Your reply should contain nothing except the lines from the one with "Black text on" through the end of the listing below, reproduced exactly and stripped of pictures.
START Data block
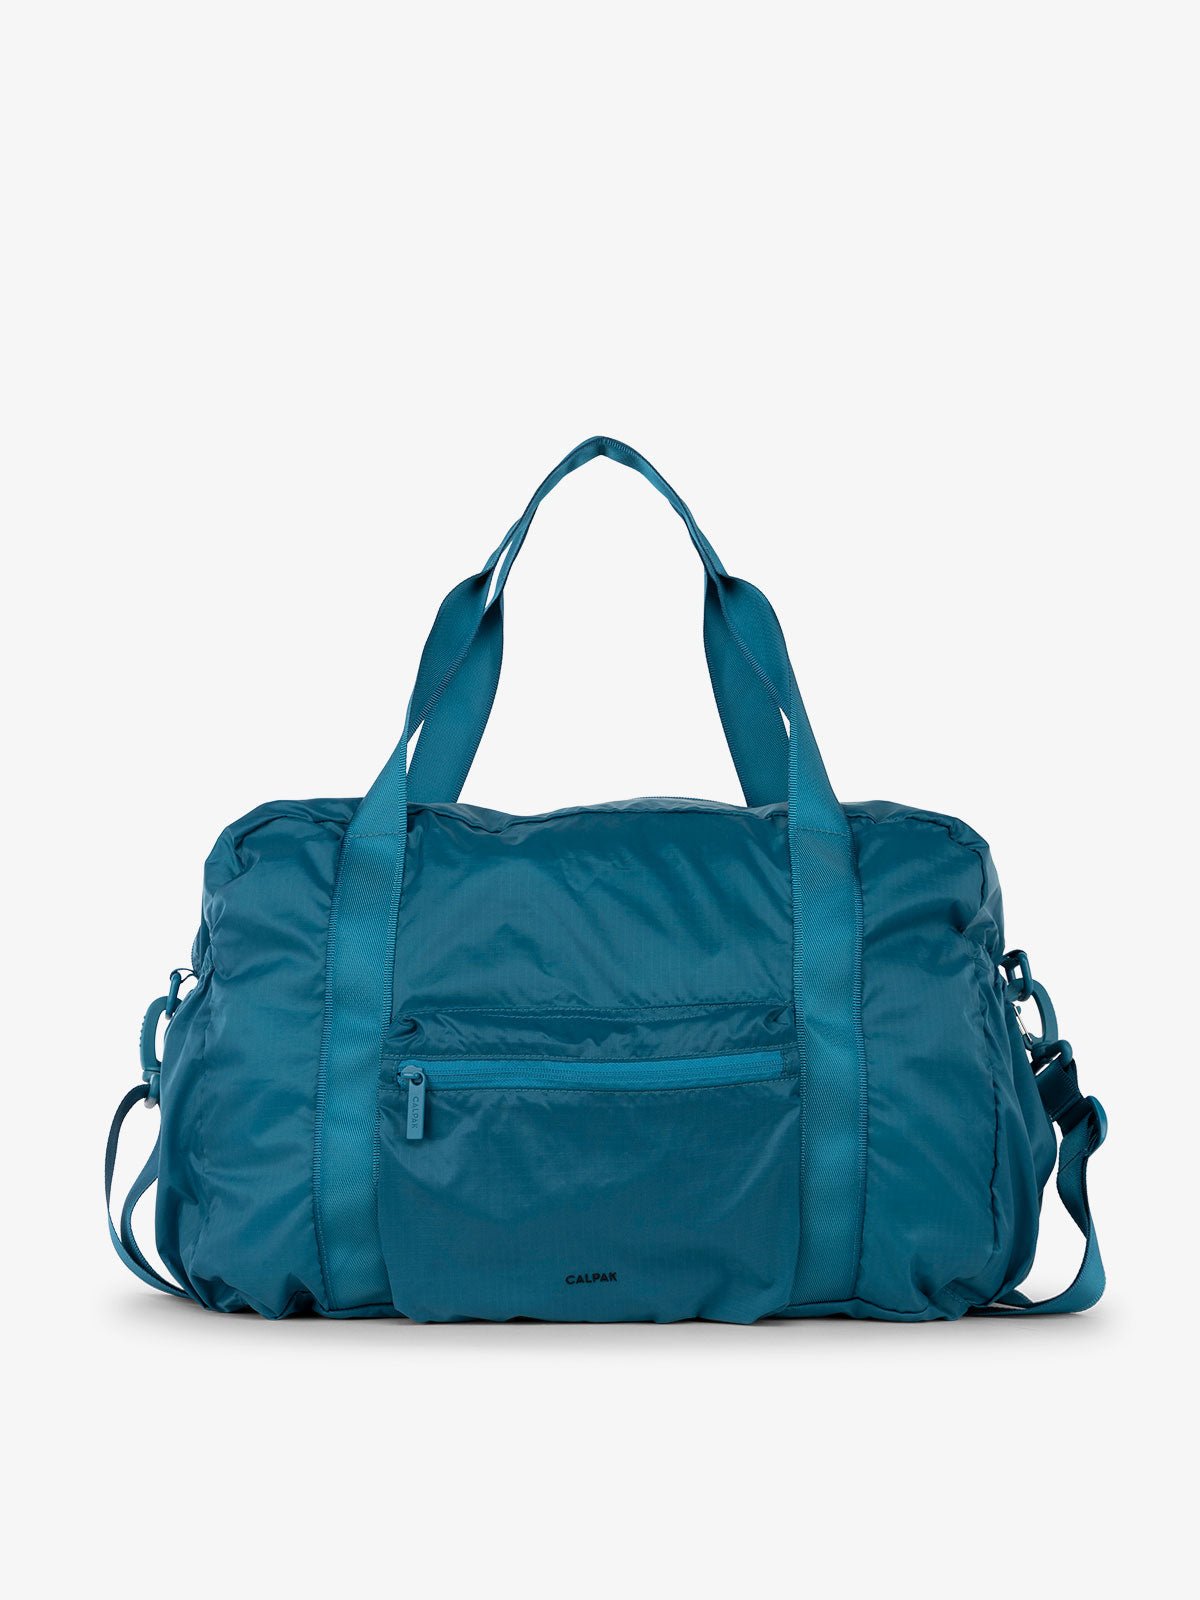 CALPAK Compakt duffel bag with removable crossbody strap and water resistant fabric in lagoon
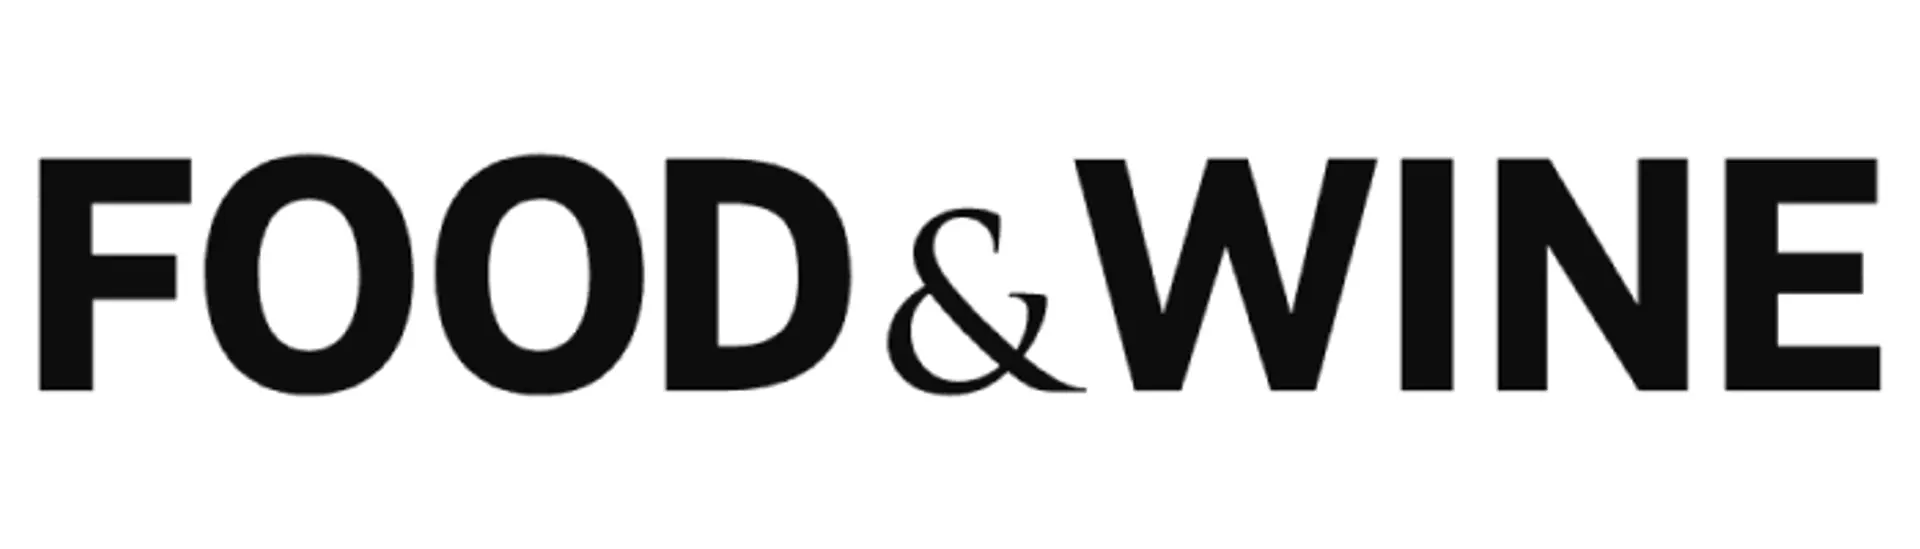 Black text on a white background that reads "FOOD & WINE" in capitalized letters for a logo.
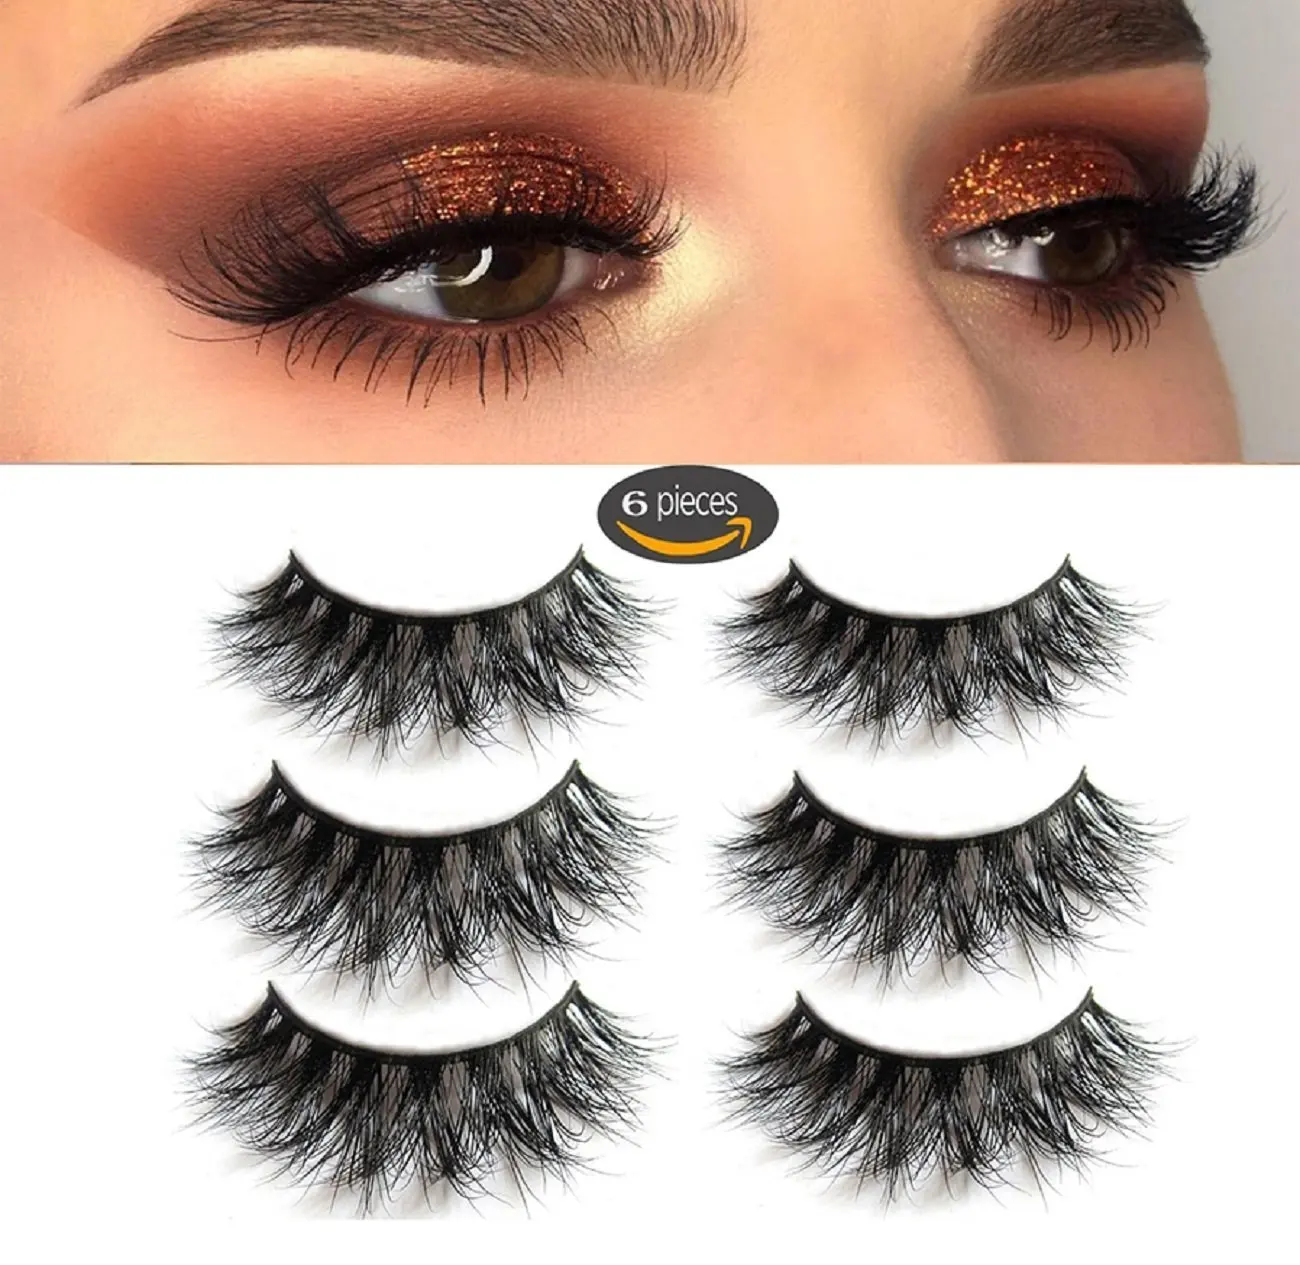 Cheap D Wispy Eyelashes, find D Wispy Eyelashes deals on line at
END Data block
Answer –
 Black text on a white background that reads "FOOD & WINE" in capitalized letters for a logo.
 Cheap D Wispy Eyelashes, find D Wispy Eyelashes deals on line at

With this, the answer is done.